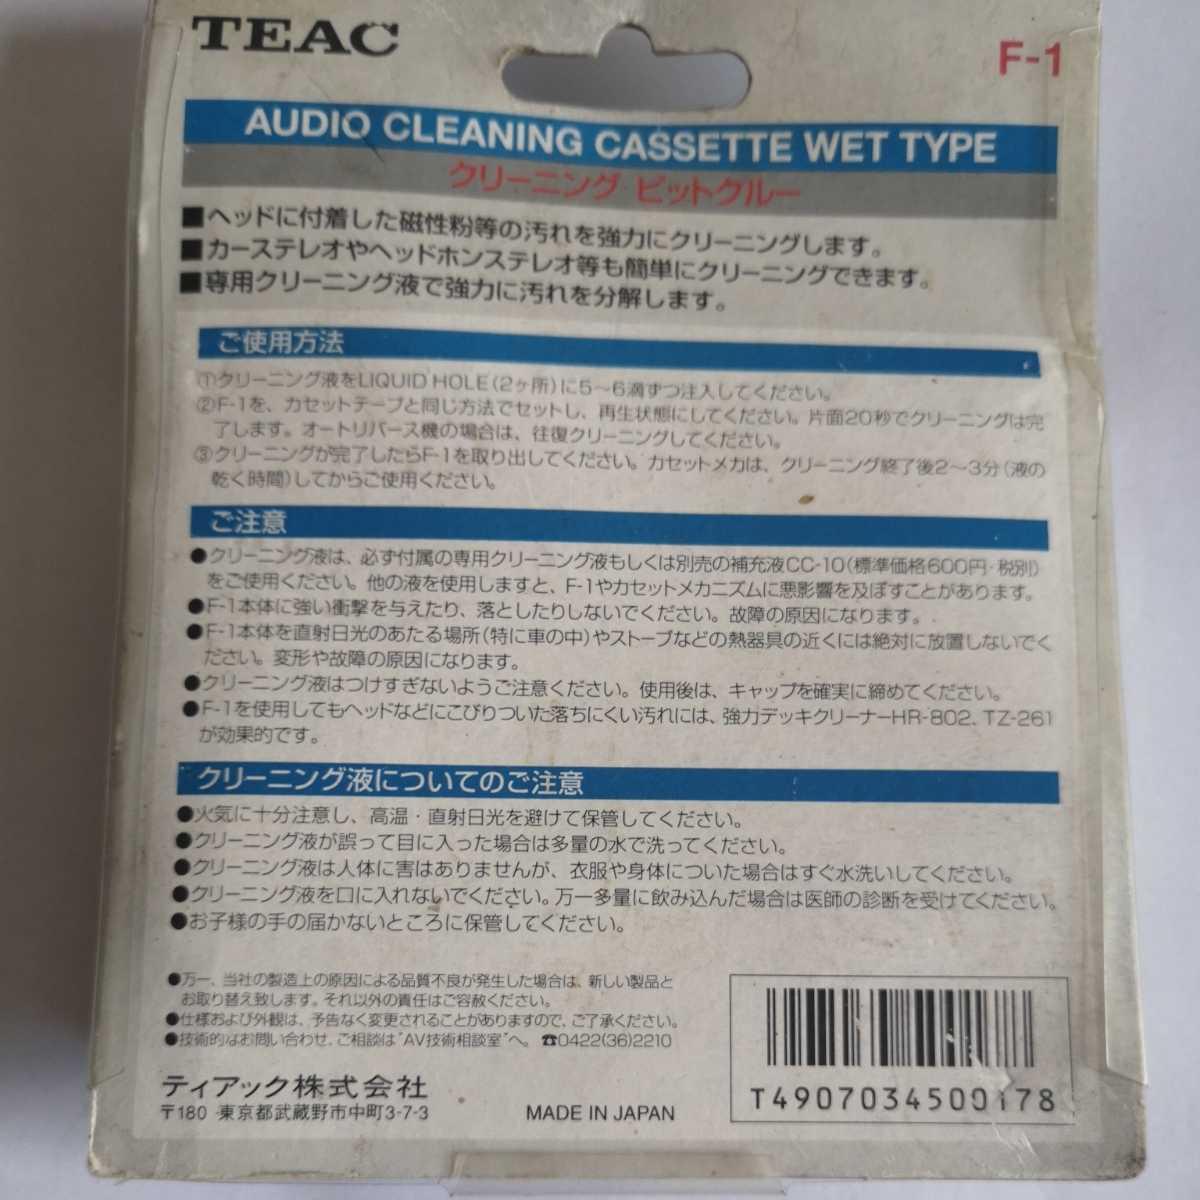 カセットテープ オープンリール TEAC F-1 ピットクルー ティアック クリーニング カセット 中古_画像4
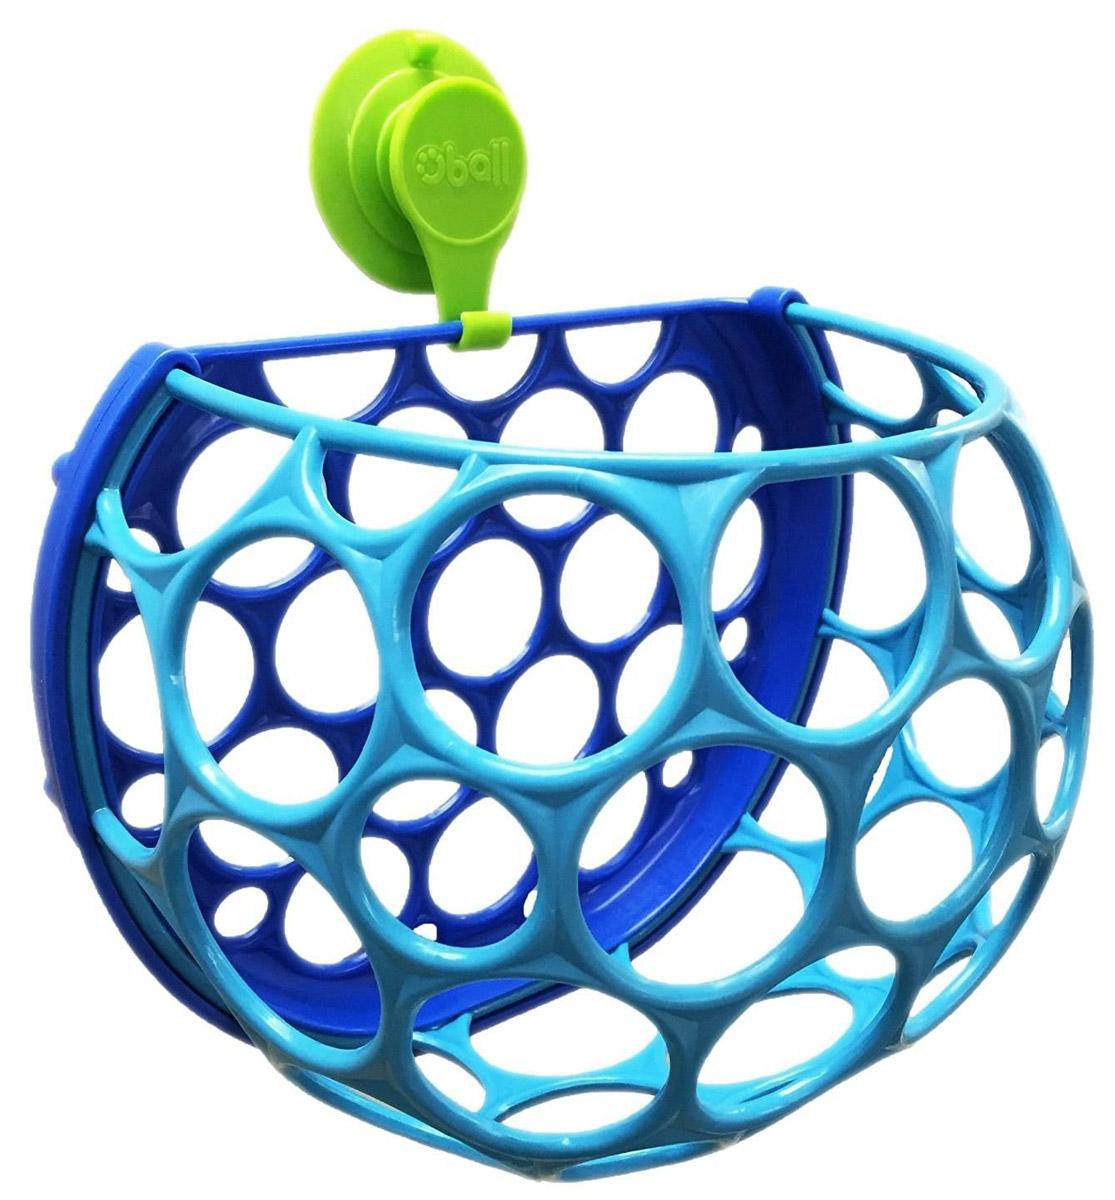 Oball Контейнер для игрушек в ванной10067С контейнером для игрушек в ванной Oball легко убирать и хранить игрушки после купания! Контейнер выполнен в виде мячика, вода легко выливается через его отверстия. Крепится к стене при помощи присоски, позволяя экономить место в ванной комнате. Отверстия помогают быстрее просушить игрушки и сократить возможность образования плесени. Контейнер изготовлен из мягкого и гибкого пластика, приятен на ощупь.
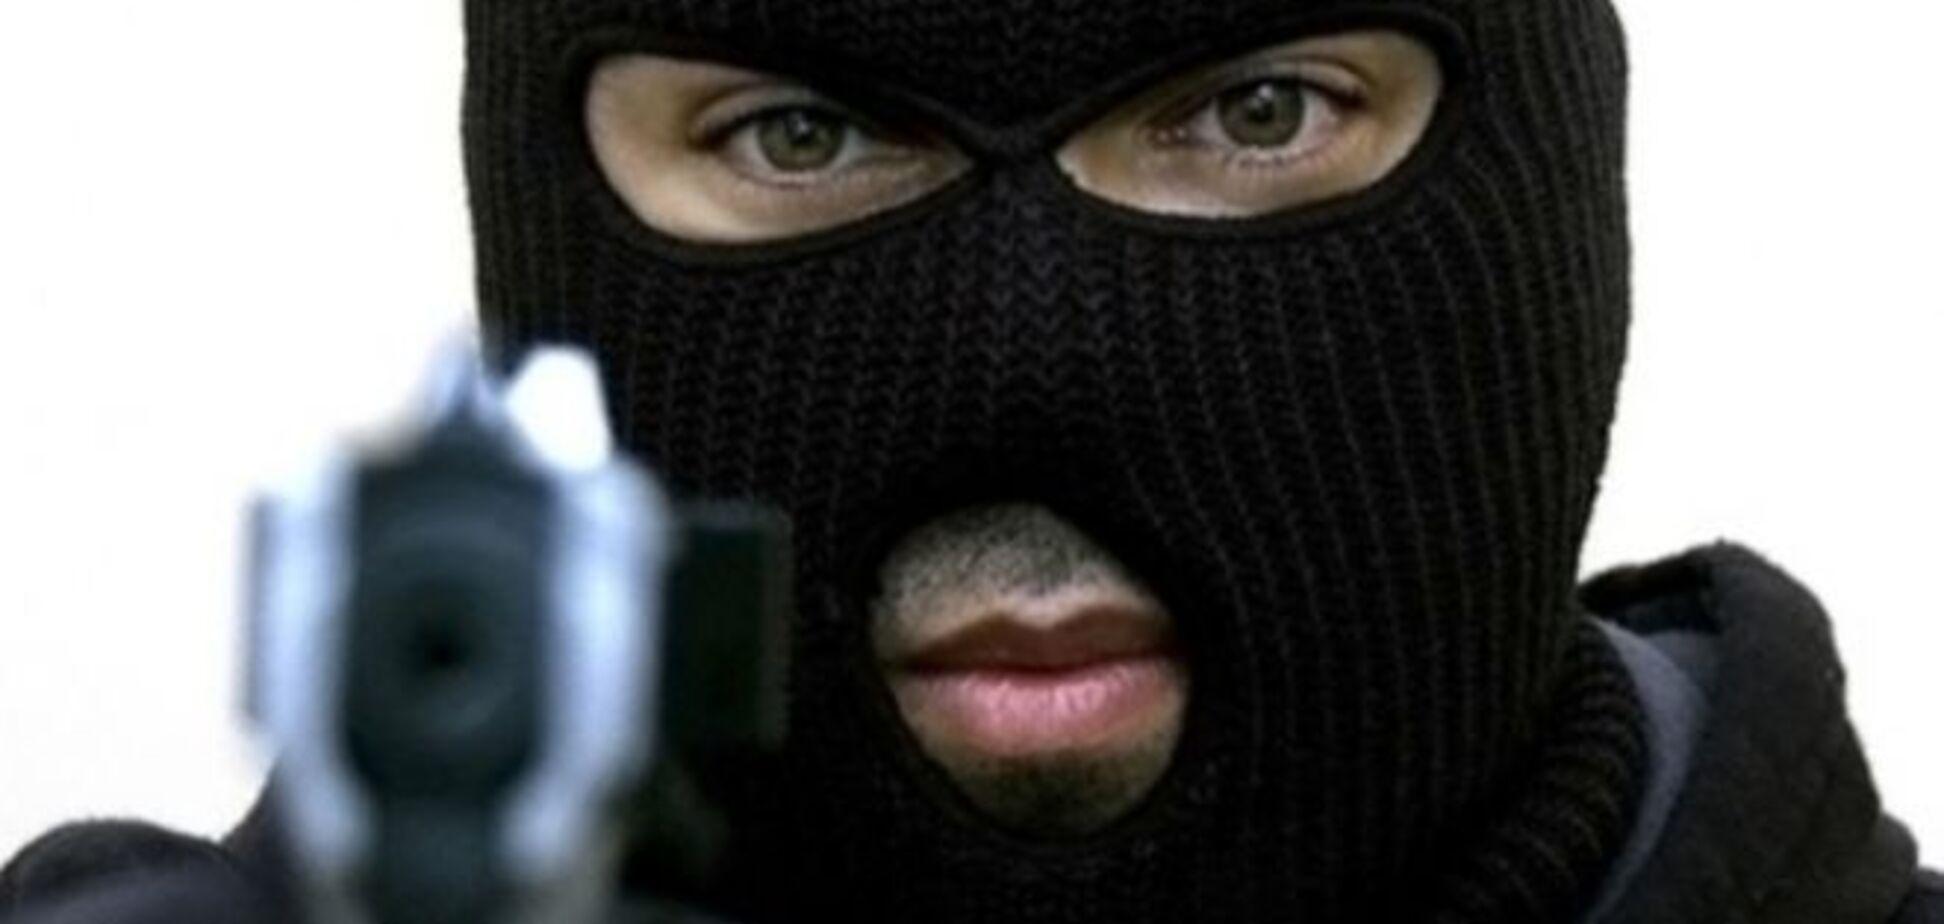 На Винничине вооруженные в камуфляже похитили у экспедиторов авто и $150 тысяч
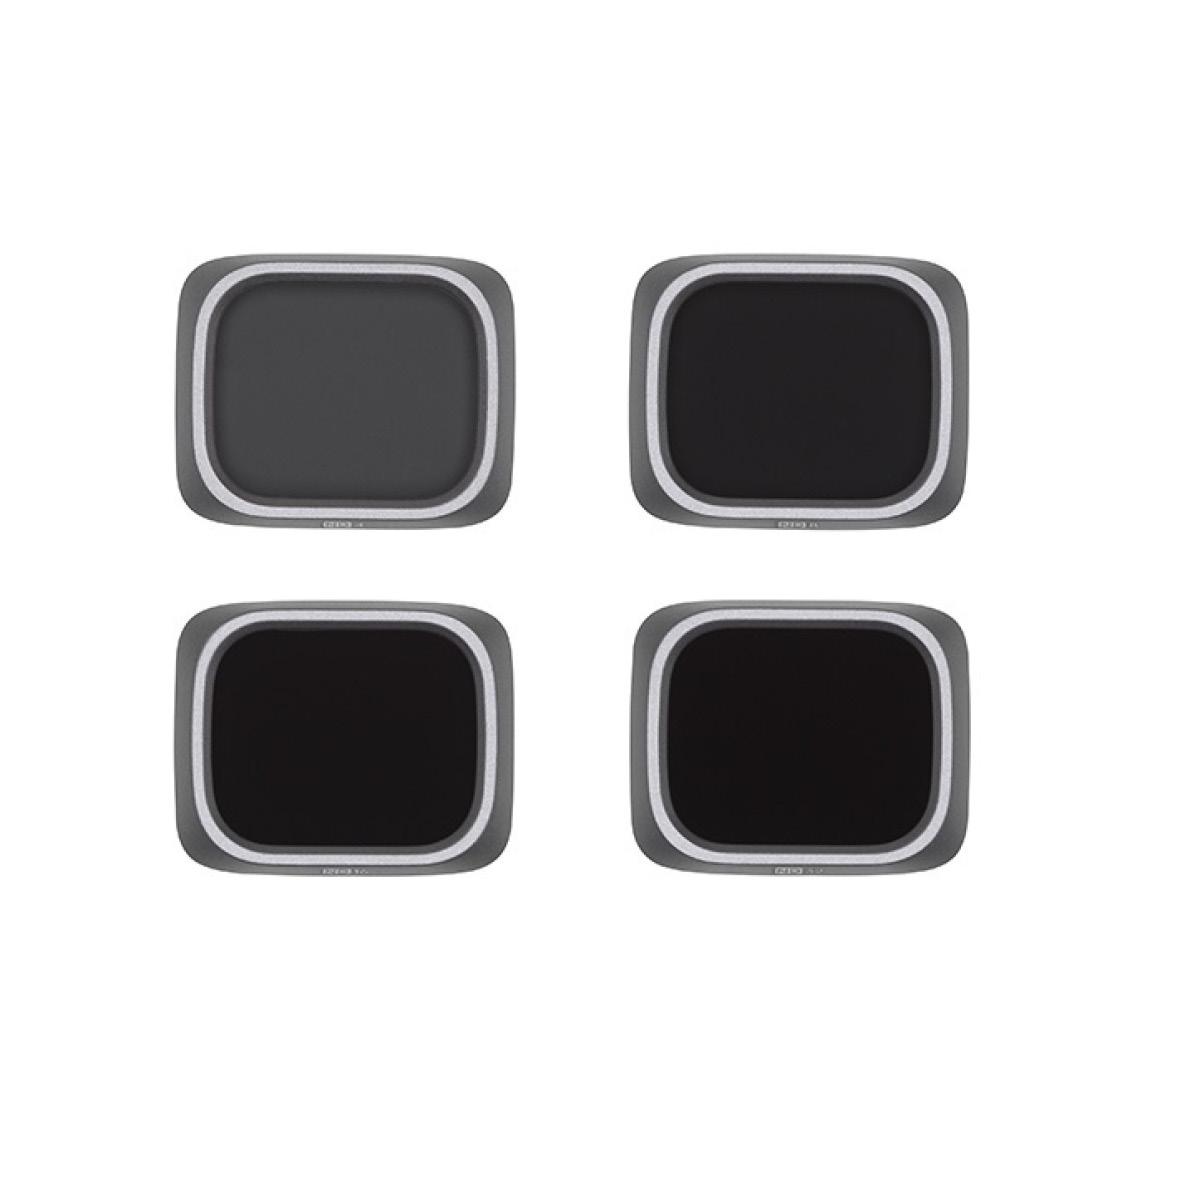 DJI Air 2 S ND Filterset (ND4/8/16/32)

[AIM OF THE EXERCISE]: Without the pictures, write out the whole listing exactly as it appears.

[TASK SOLUTION]:
 カセットテープ オープンリール TEAC F-1 ピットクルー ティアック クリーニング カセット 中古_画像4
 Oball Контейнер для игрушек в ванной10067С контейнером для игрушек в ванной Oball легко убирать и хранить игрушки после купания! Контейнер выполнен в виде мячика, вода легко выливается через его отверстия. Крепится к стене при помощи присоски, позволяя экономить место в ванной комнате. Отверстия помогают быстрее просушить игрушки и сократить возможность образования плесени. Контейнер изготовлен из мягкого и гибкого пластика, приятен на ощупь.
 На Винничине вооруженные в камуфляже похитили у экспедиторов авто и $150 тысяч
 DJI Air 2 S ND Filterset (ND4/8/16/32)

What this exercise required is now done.